■ Task objective:
Please repeat each line below exactly, with no images in the copy.

#### Information provided

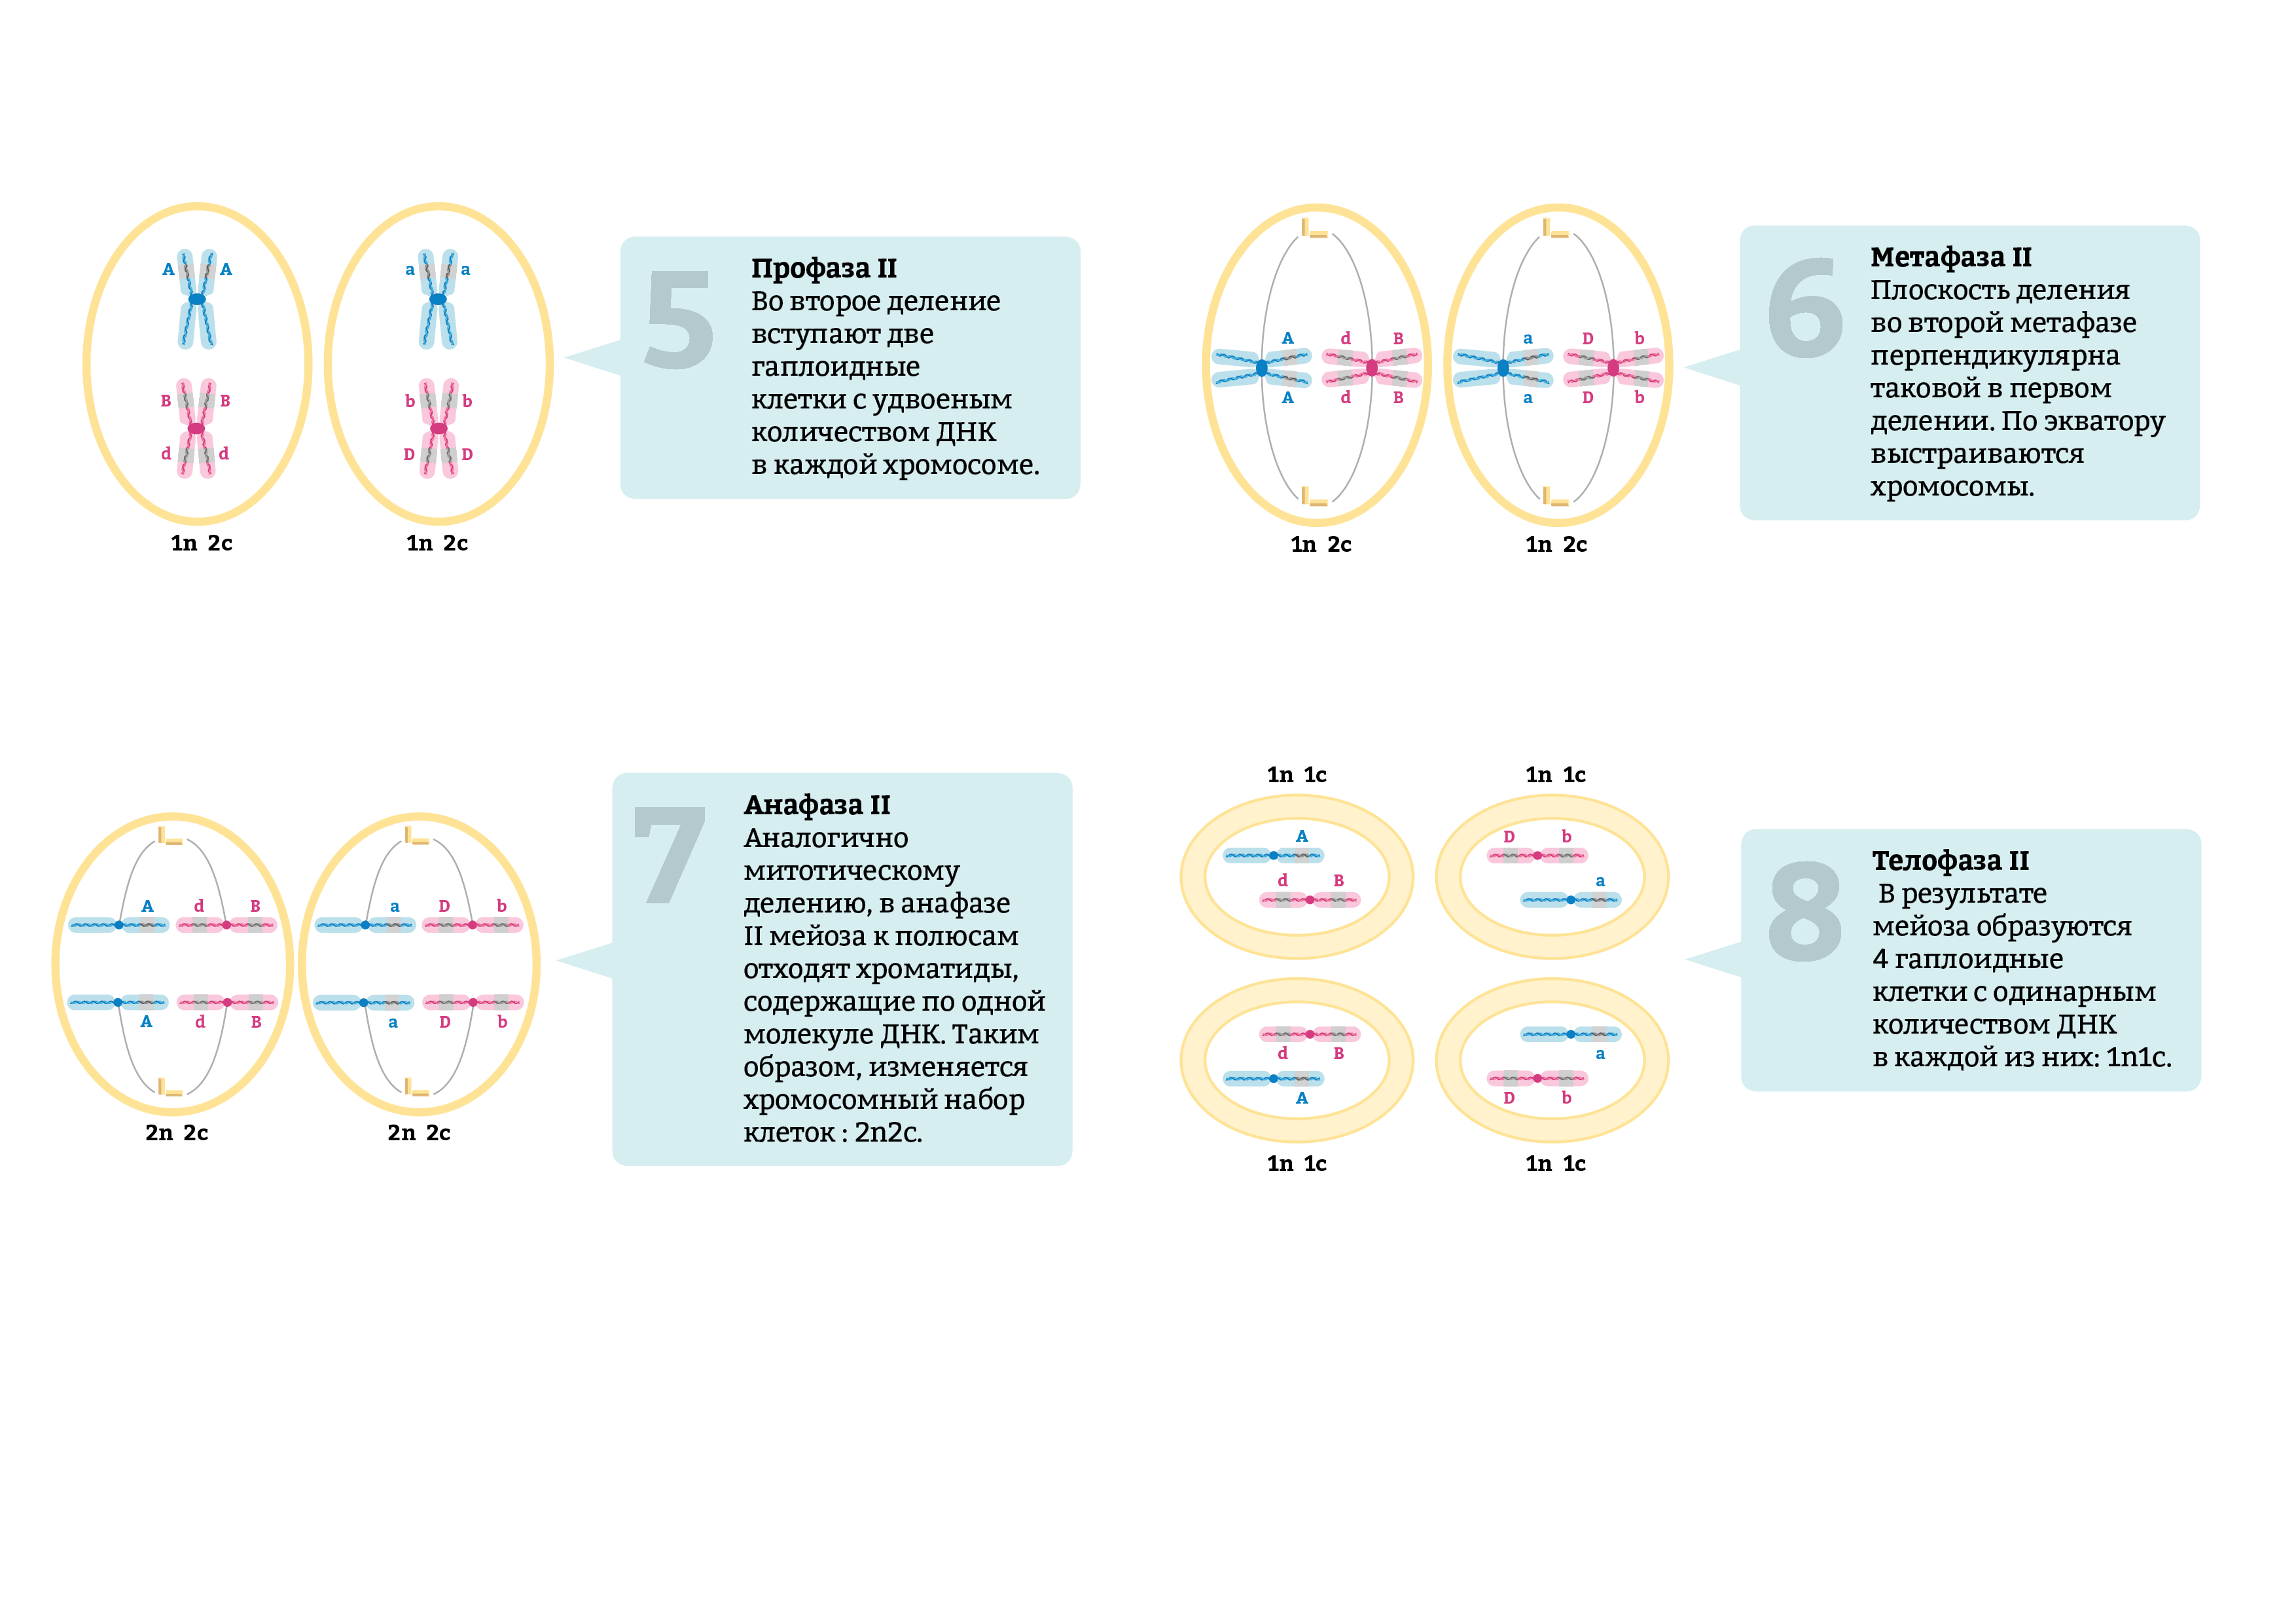 Хромосомы двухроматидные в какой фазе мейоза. Мейоз фазы таблица набор хромосом. Метафаза 2 мейоза набор хромосом. Первое деление мейоза набор хромосом. Набор хромосом в дочерней клетке мейоза 1.
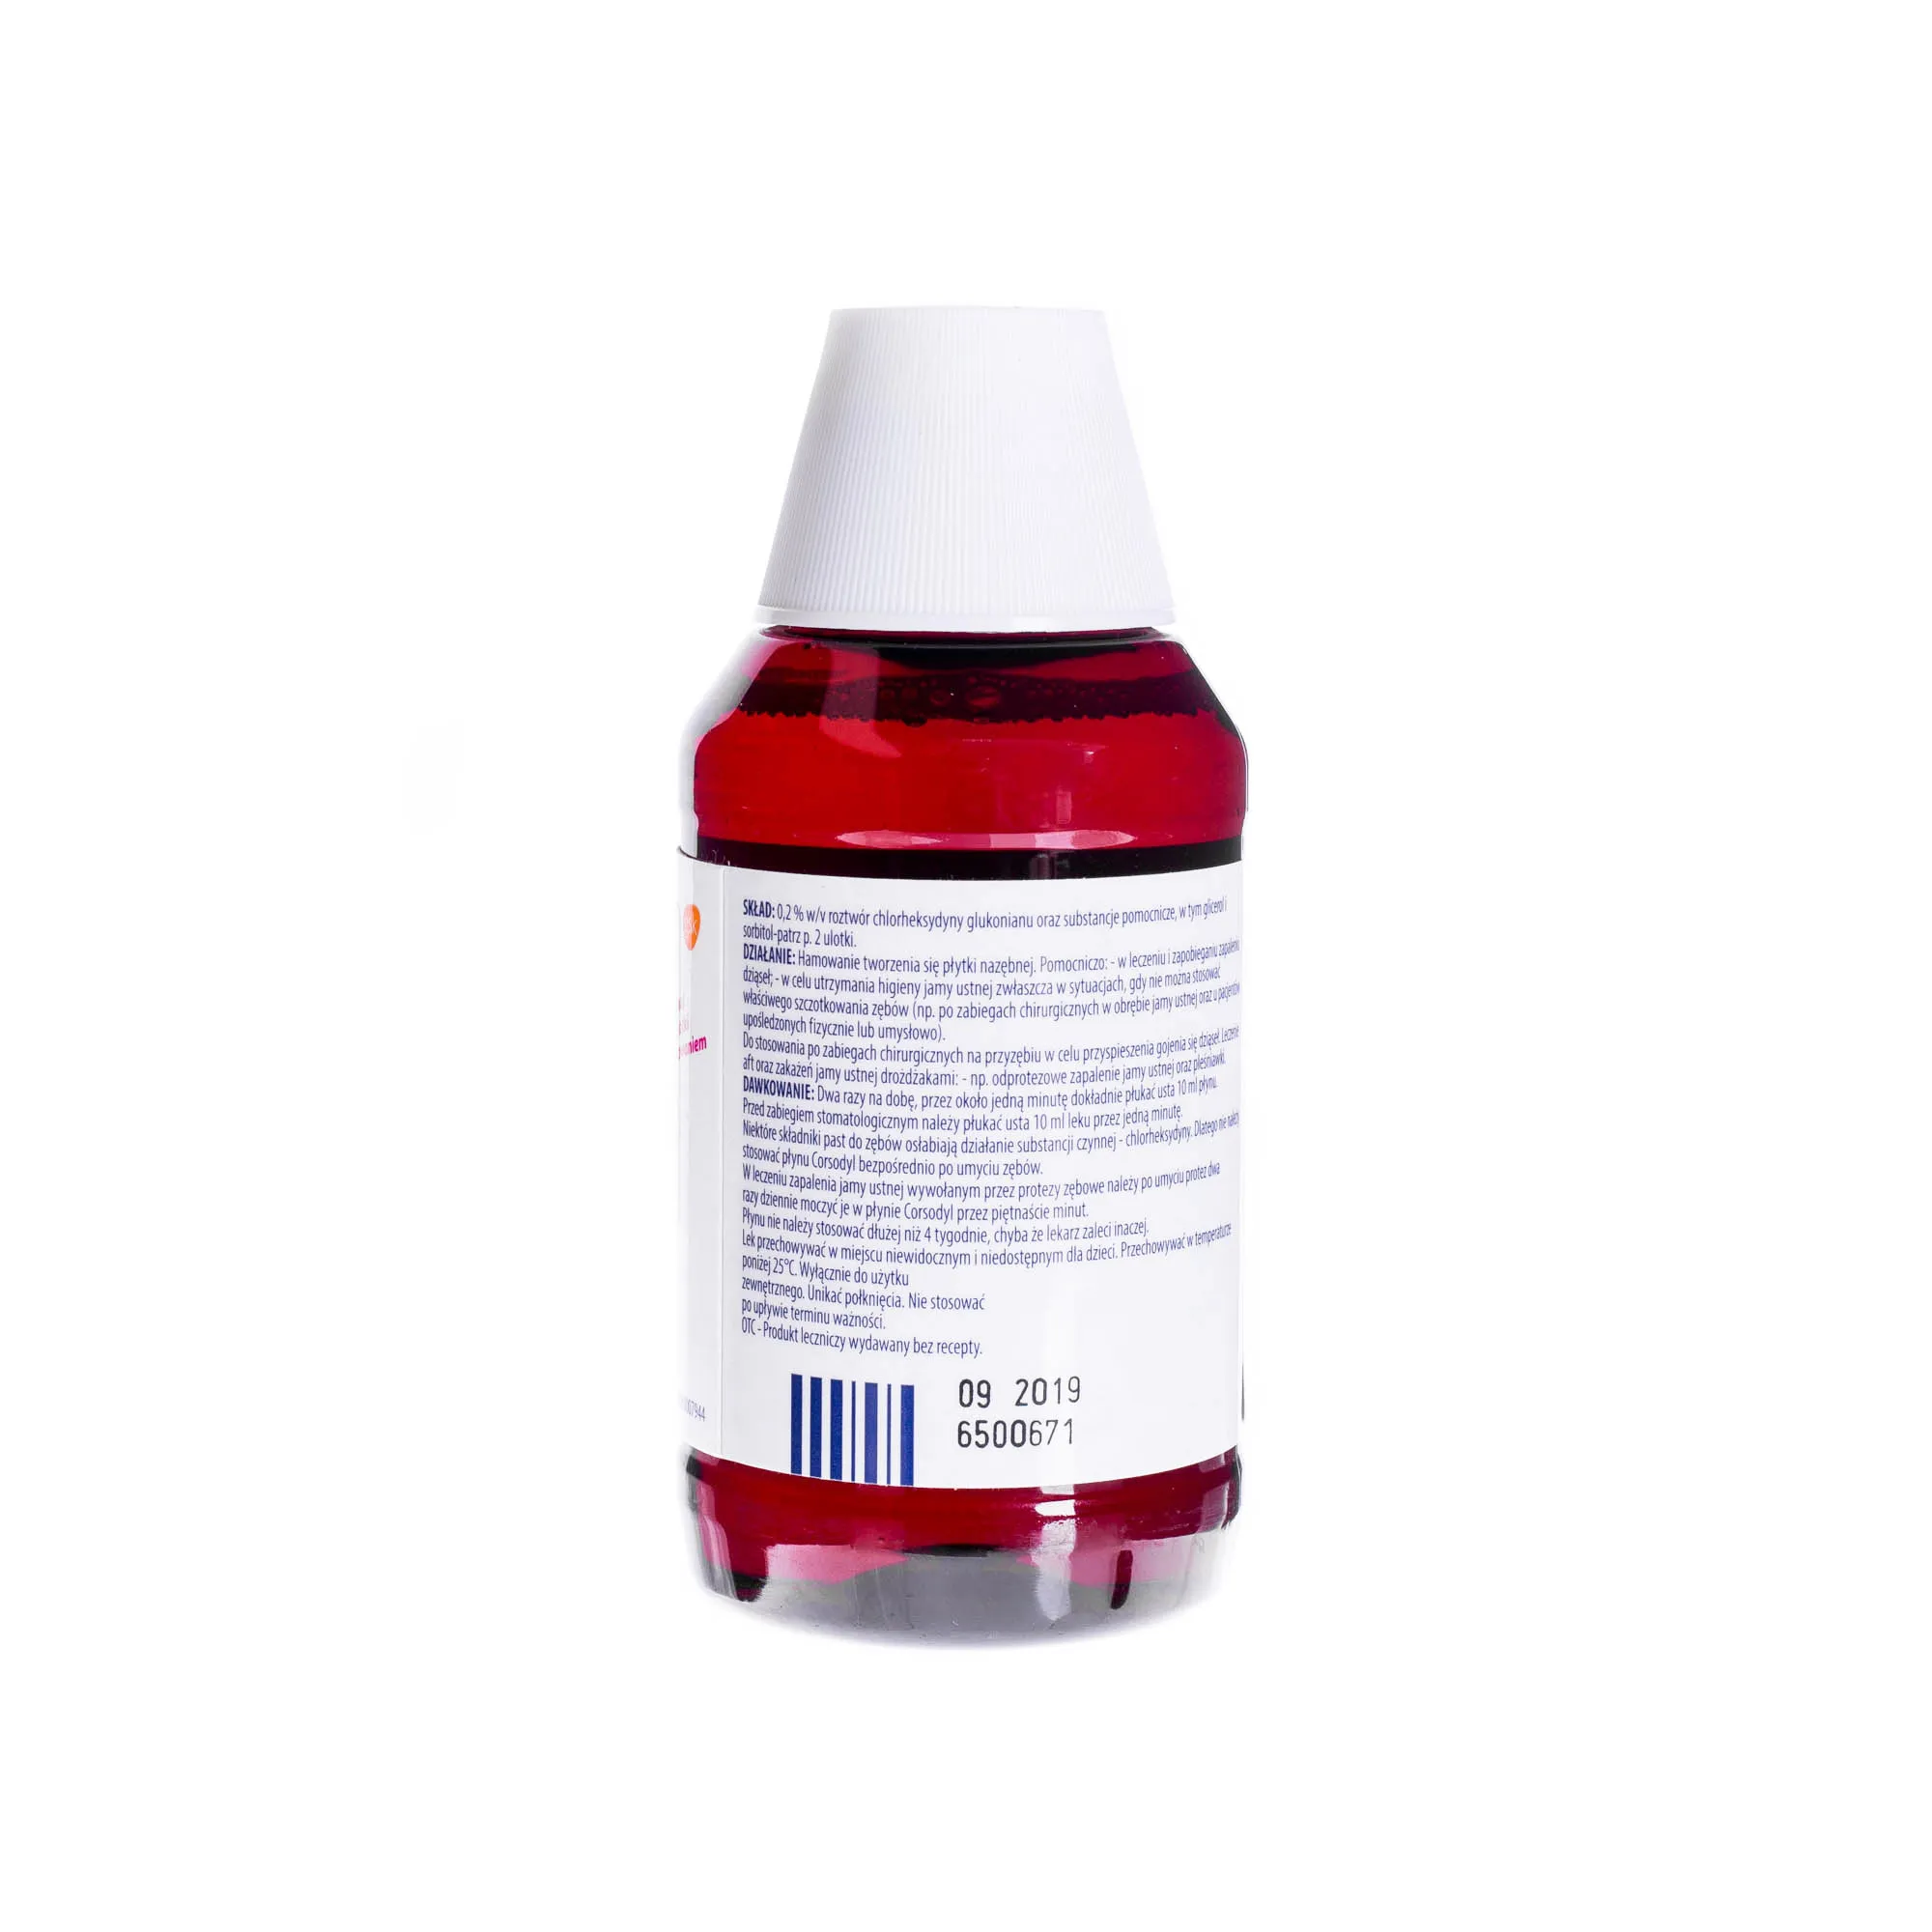 Corsodyl - syrop przeciwbakteryjny o smaku miętowym, 300 ml 
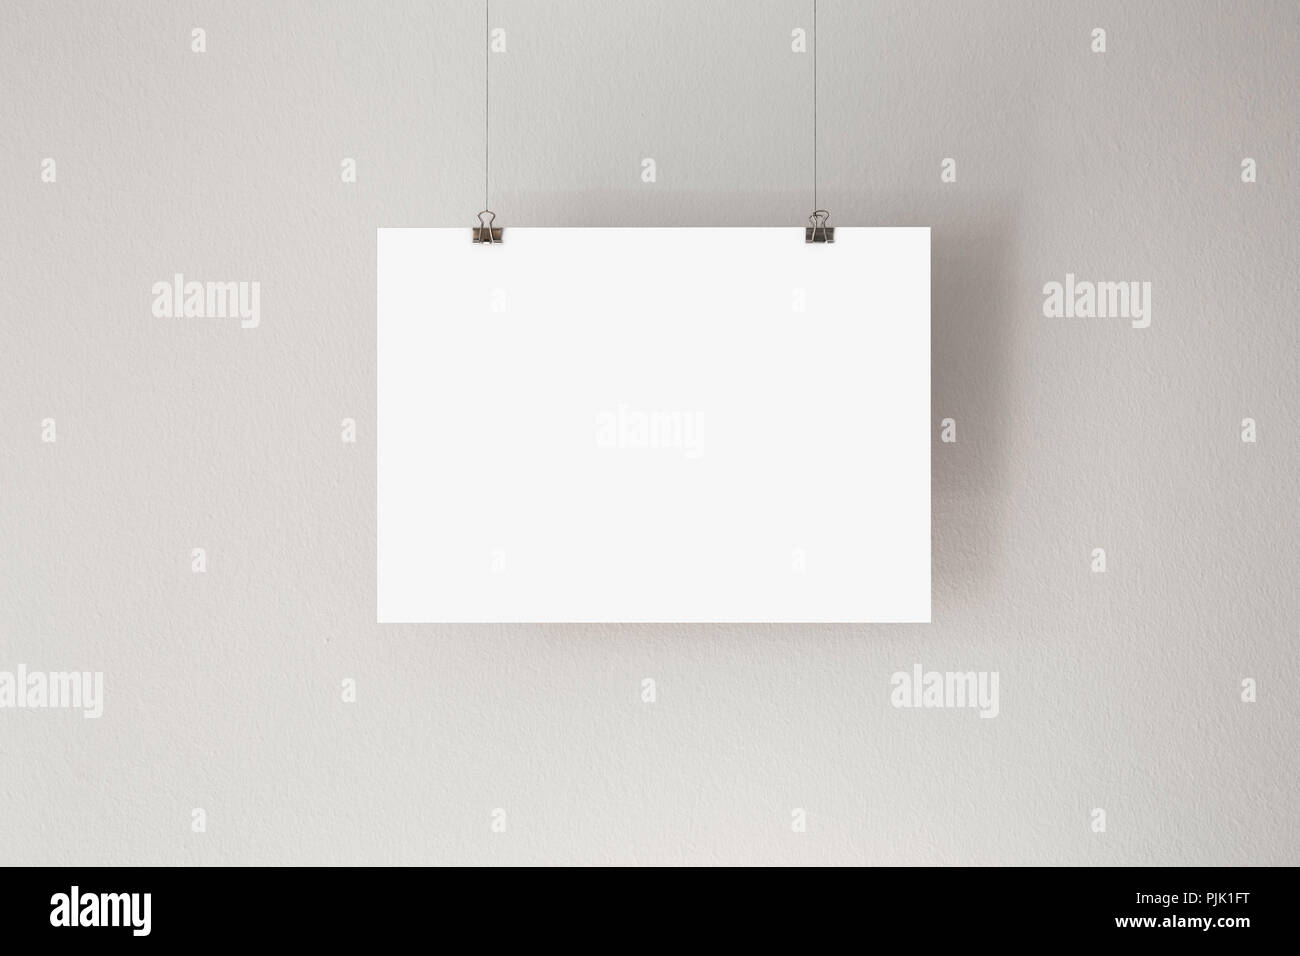 Une feuille de papier vierge avec de l'espace libre, pendant du plafond Banque D'Images

########

■ Output of the task:
 Хромосомы двухроматидные в какой фазе мейоза. Мейоз фазы таблица набор хромосом. Метафаза 2 мейоза набор хромосом. Первое деление мейоза набор хромосом. Набор хромосом в дочерней клетке мейоза 1.
 Corsodyl - syrop przeciwbakteryjny o smaku miętowym, 300 ml 
 Une feuille de papier vierge avec de l'espace libre, pendant du plafond Banque D'Images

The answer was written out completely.